Il viaggio in treno è stato così breve nella mia testa, l'ansia che combatte con le farfalle nello stomaco, la guerra interiore tra il negativo e il positivo, tra "che cazzo sto facendo?" e "non vedo l'ora di vederlo" le dita che ora mi fanno male perché ho passato le ore a picchiettarle sul bracciolo del sedile, le gambe intorpidite e un sorriso che vedo riflesso nel finestrino, sono agitata ma felice. Il lungo percorso nella galleria mi fa capire che sono arrivata, che questa è la mia fermata, recupero la borsa e mi precipito alla porta prima che il treno annunci la fermata.

Le scale mobili della stazione sembrano infinite, riguardo quell'angolo in cui io e Cesare ci siamo abbracciati per la prima volta, quando mi sono persa nei suoi occhi e non mi sono più ritrovata, spero di farlo oggi.
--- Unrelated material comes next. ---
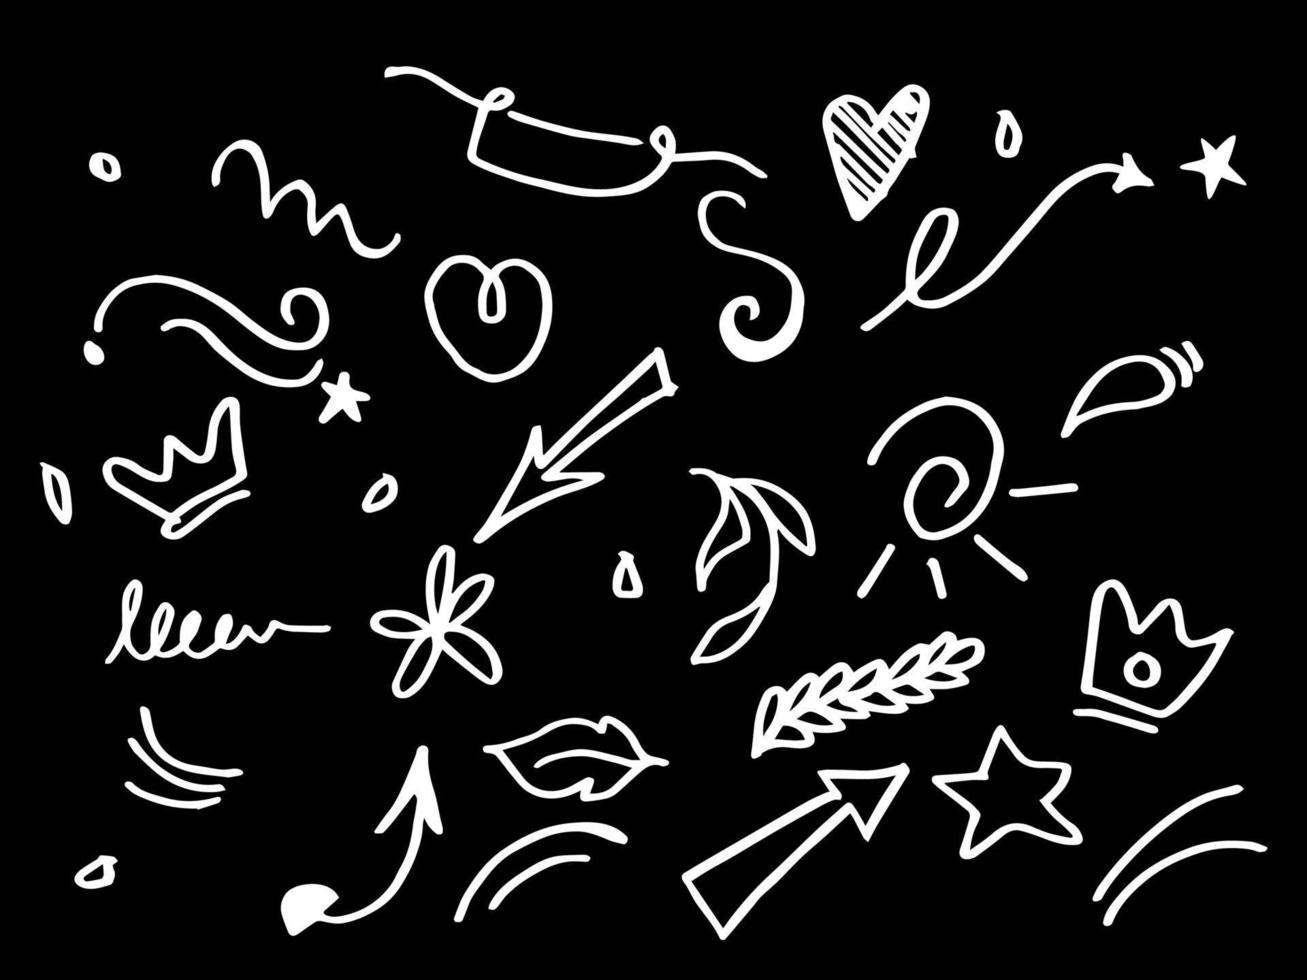 Vektor-Doodle-Sammlung von Gestaltungselementen. lockiges Swishes, Swoops, Strudel, Pfeil, Herz, Liebe, Krone, Blume, Stern, Feuerwerk, Hervorhebungstext und Hervorhebungselement. für Konzeptdesign verwenden vektor

Arrivo fuori e apro la sua chat, scrivo tante parole e cancello, più volte, faccio partire una nota audio e elimino pure quella, un'altra e un'altra ancora. Faccio un tiro e alzo lo sguardo verso la città, la piazza e i palazzi davanti a me, apro la fotocamera e scatto una foto, "sono venuta a salvarti" digito e invio.
È online, le spunte sono blu e lui mi ha letto. Il silenzio per pochi secondi e una sua nota audio "non muoverti da lì, arrivo subito" dice e non serve aggiungere altro, non ho niente in testa ora, solo lui.

Cammino avanti e dietro sul marciapiede da un po' di tempo, mi do della stupida da sola per quello che ho fatto, maledico Andrea per avermi convinta così facilmente, mi appoggio al muro che fa angolo oltre le porte della stazione e giro una sigaretta, a fatica.
Alzo lo sguardo verso il punto in cui ero poco fa e lo vedo, si guarda attorno, entra dentro e esce poco dopo, sembra nervoso, prende il cellulare e lo faccio anche io, rispondo al primo squillo, non ho ancora il coraggio di avvicinarmi.
"Dove sei?" mi chiede subito, con un leggero fiatone "sono proprio qui" dico solo "qui dove?" si gira e mi vede, come la prima volta, da lontano trova i miei occhi. Corre verso di me e mi abbraccia, prima di dire qualsiasi cosa mi stringe tra le sue braccia, mi lascio andare a lui, al senso di pace. Restiamo così per non so quanto tempo, non voglio allontanarmi da lui, mai.
"Andiamo a salutare gli altri?" mi chiede e mi prende per mano, mi porta fin la sua macchina.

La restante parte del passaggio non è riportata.